TARAKAN — Bank Indonesia Perwakilan Provinsi Kalimantan Utara bersama Pemerintah Kota Tarakan resmi membuka rangkaian kegiatan Semarak Rupiah Ramadan dan Berkah Idulfitri 1447 Hijriah (SERAMBI) 2026.
Kegiatan ini menjadi penanda dimulainya layanan penukaran uang Rupiah selama Ramadan dan Idulfitri di wilayah Kalimantan Utara.
Peresmian dilakukan oleh Kepala Perwakilan Bank Indonesia Provinsi Kalimantan Utara, Hasiando G. Manik, bersama Wali Kota Tarakan, Khairul, di Tarakan, Rabu (18/2/2026).
Secara nasional, program SERAMBI 2026 sebelumnya telah diluncurkan oleh Deputi Gubernur Bank Indonesia, Ricky P. Gozali, di Jakarta pada 13 Februari 2026.
Dalam sambutannya, Khairul menyampaikan apresiasi kepada Bank Indonesia dan seluruh perbankan yang turut menjaga stabilitas sistem pembayaran, baik tunai maupun nontunai, di daerah. Ia menuturkan, momentum Ramadan dan Idulfitri selalu diiringi peningkatan aktivitas ekonomi masyarakat.
“Tradisi berbagi, penyaluran tunjangan hari raya, serta meningkatnya kebutuhan transaksi memerlukan dukungan ketersediaan uang Rupiah yang memadai dan layak edar,” ujar Khairul.
Hasiando G. Manik mengatakan, SERAMBI 2026 mengusung tema “Rupiah Memberi Makna di Bulan Penuh Berkah”. Tema tersebut menegaskan peran Rupiah dalam mendukung berbagai aktivitas masyarakat selama Ramadan, mulai dari kegiatan ibadah hingga tradisi berbagi.
“Rupiah yang cukup dan layanan yang optimal diharapkan dapat memberikan nilai tambah serta memperluas keberkahan Ramadan bagi masyarakat,” katanya.
Dalam rangkaian program tersebut, Bank Indonesia menyiapkan kebutuhan uang layak edar (ULE) sebesar Rp 701 miliar di Kalimantan Utara. Nilai itu meningkat 22 persen dibandingkan realisasi tahun 2025. Adapun jumlah paket penukaran yang disiapkan mencapai 5,3 juta lembar, naik dari 4,3 juta pada tahun sebelumnya.
Layanan penukaran uang berlangsung pada 18 Februari hingga 13 Maret 2026 di 36 titik penukaran resmi yang tersebar di Kalimantan Utara. Untuk meningkatkan kenyamanan dan pemerataan layanan, masyarakat diminta melakukan pemesanan terlebih dahulu melalui situs PINTAR (Penukaran dan Tarik Uang Rupiah).

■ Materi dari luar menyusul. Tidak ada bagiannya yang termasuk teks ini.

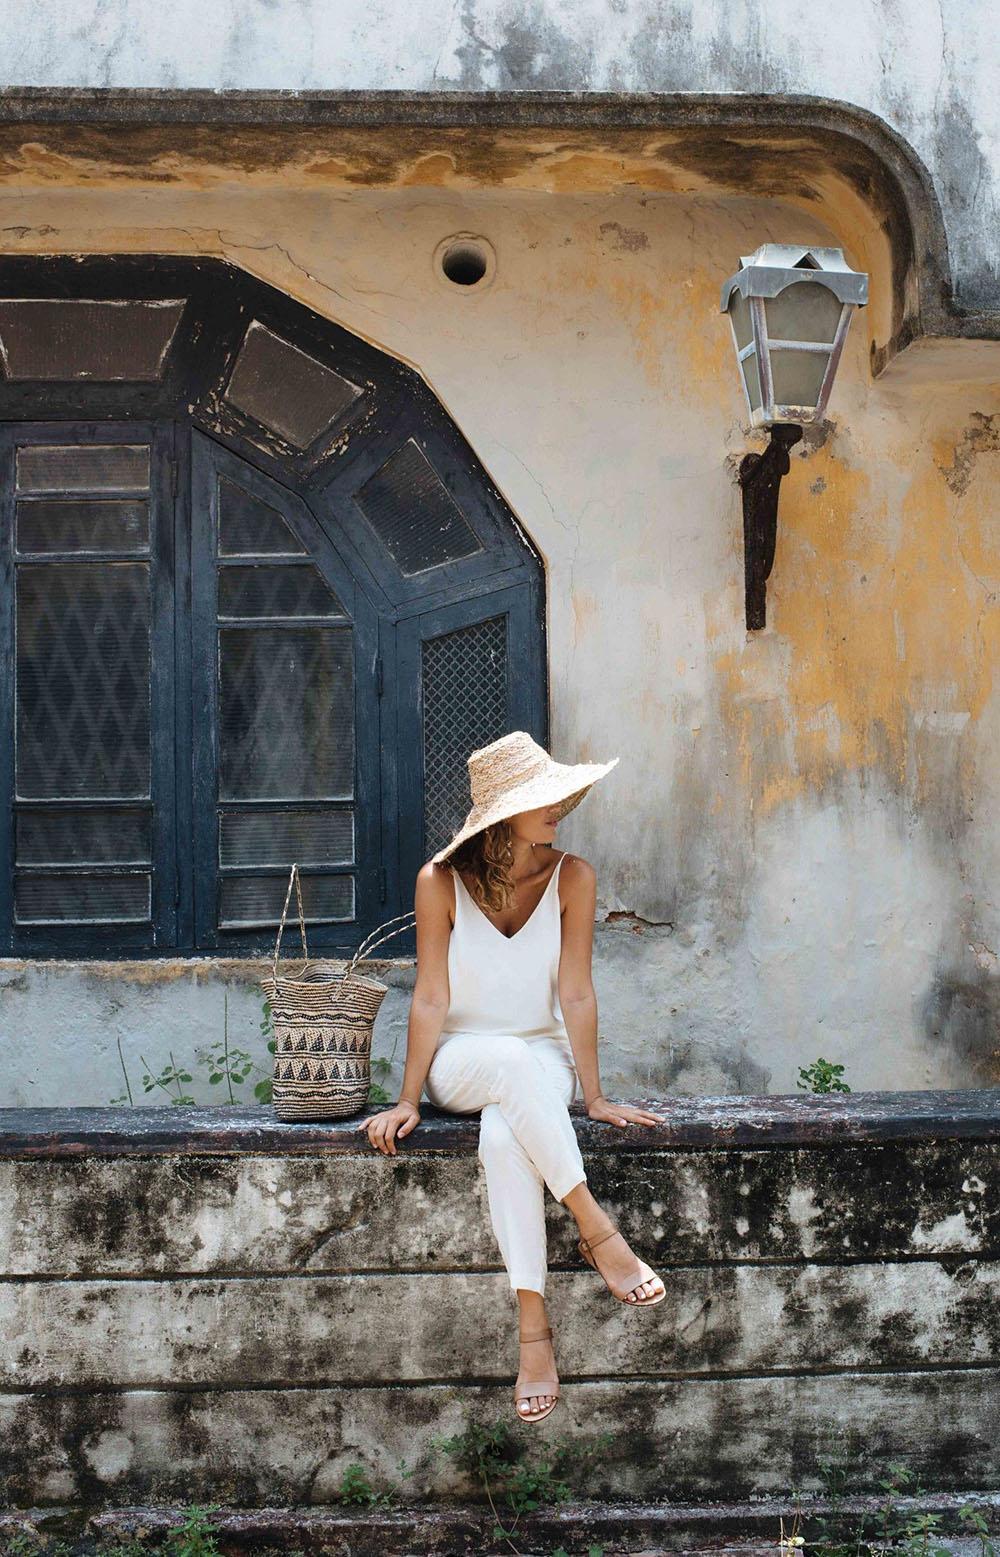 Sri lanka travel outfit duwili ella road, searail holidays

Hasiando juga mengingatkan masyarakat agar selalu mengenali keaslian uang Rupiah melalui metode 3D, yakni dilihat, diraba, dan diterawang. Selain itu, masyarakat diimbau merawat Rupiah dengan prinsip 5J: jangan dilipat, jangan dicoret, jangan diremas, jangan distapler, dan jangan dibasahi.

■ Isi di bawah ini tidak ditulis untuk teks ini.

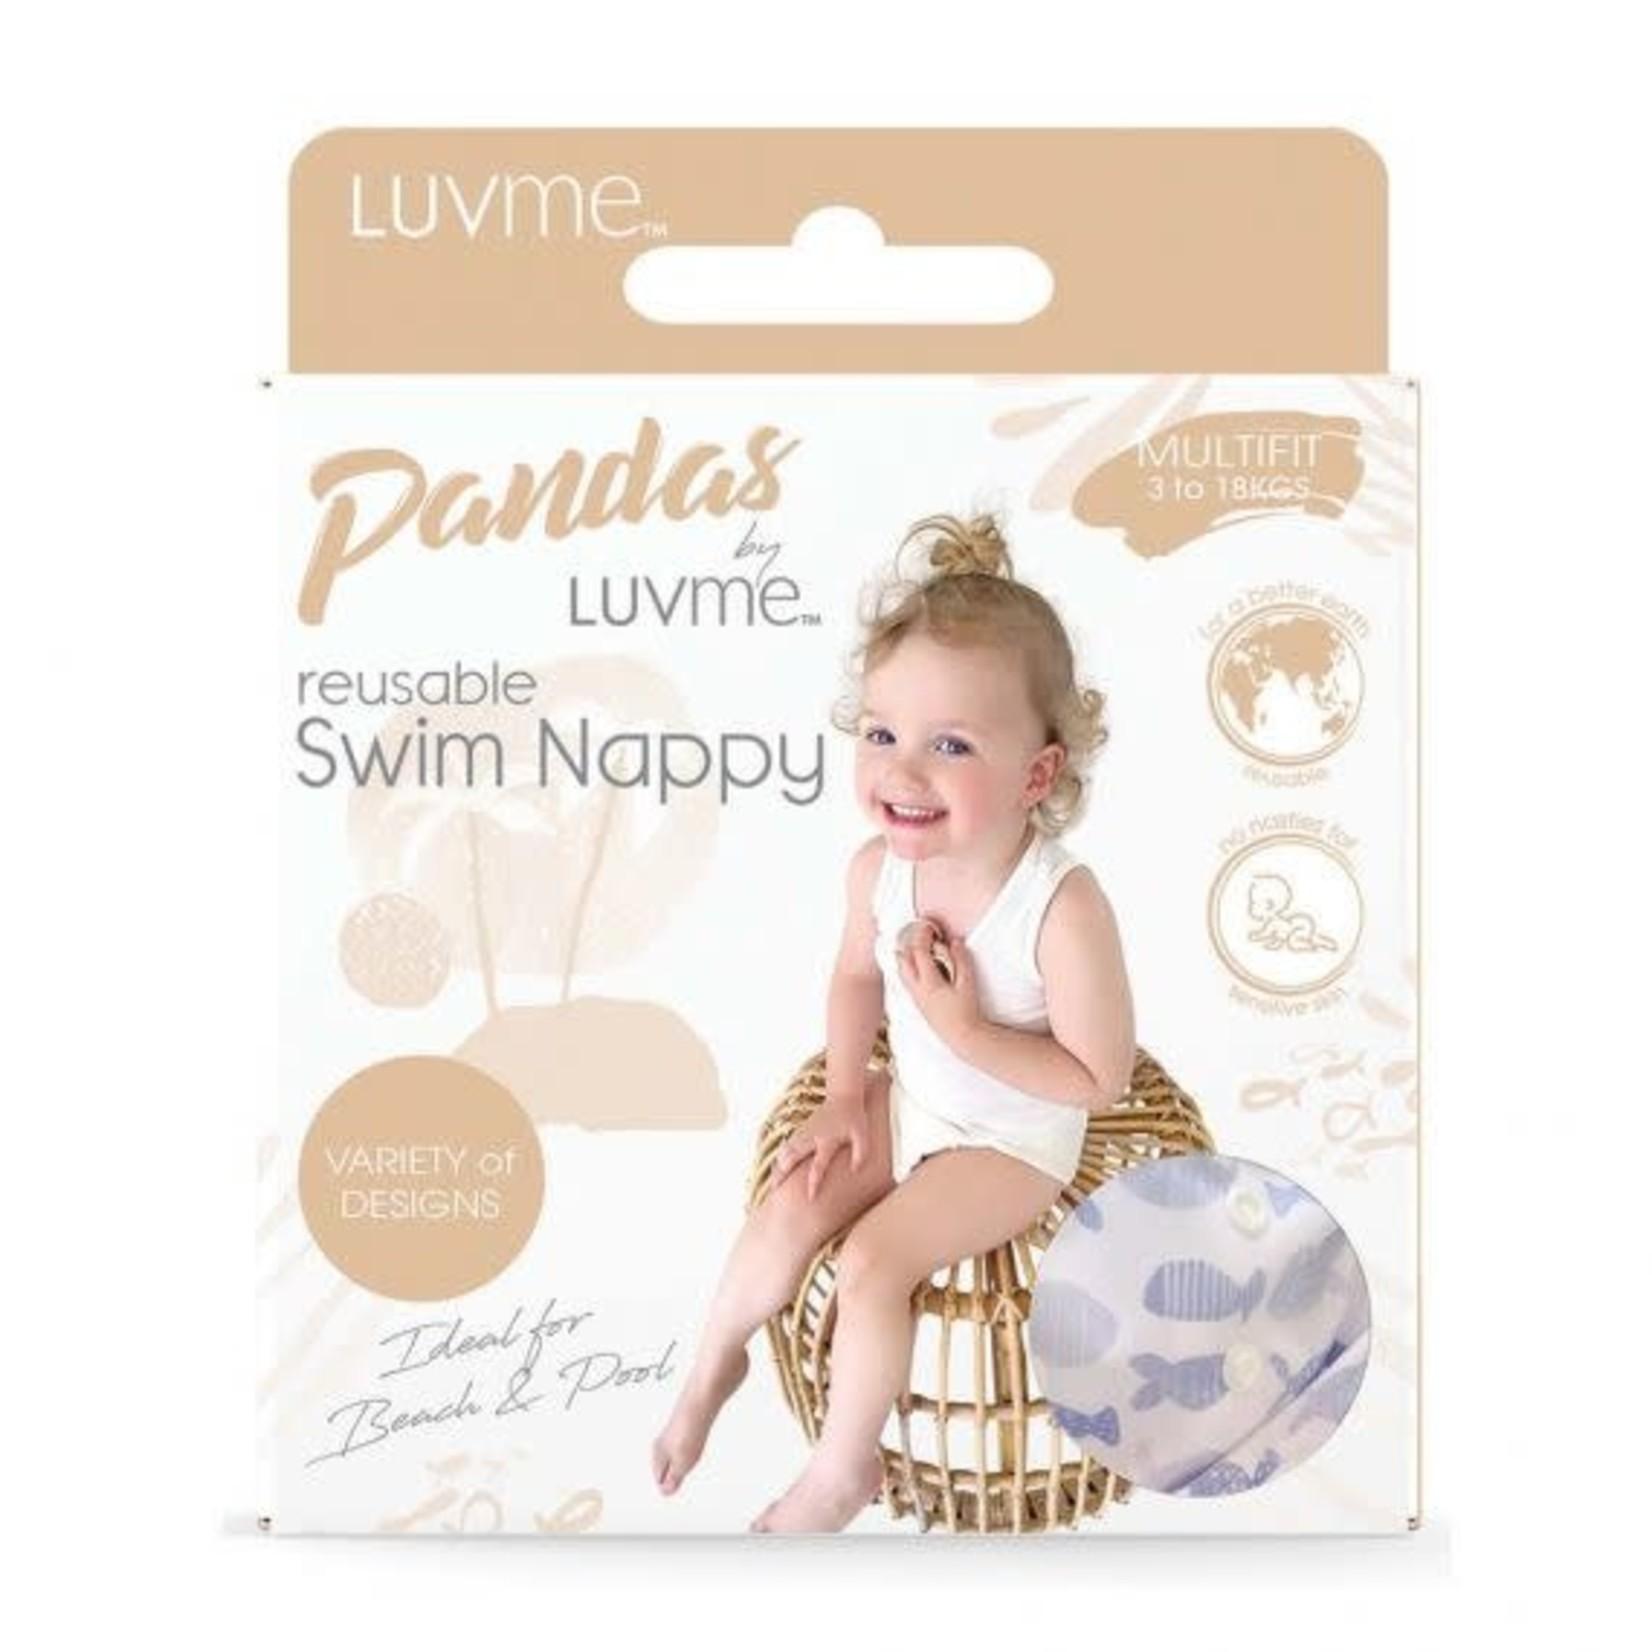 Luvme Pandas by Luvme Reusable Swim Nappy (new designs)

Pemerintah Kota Tarakan, lanjut Khairul, mendukung penuh pelaksanaan SERAMBI 2026. Ia berharap momentum Ramadan dan Idulfitri dapat mendorong pertumbuhan ekonomi daerah, khususnya bagi pelaku UMKM, sektor perdagangan, dan jasa.
“Dengan ketersediaan uang tunai yang memadai dan sistem pembayaran yang lancar, aktivitas ekonomi masyarakat diharapkan dapat berlangsung optimal dan berdampak positif bagi kesejahteraan bersama,” ujar Khairul.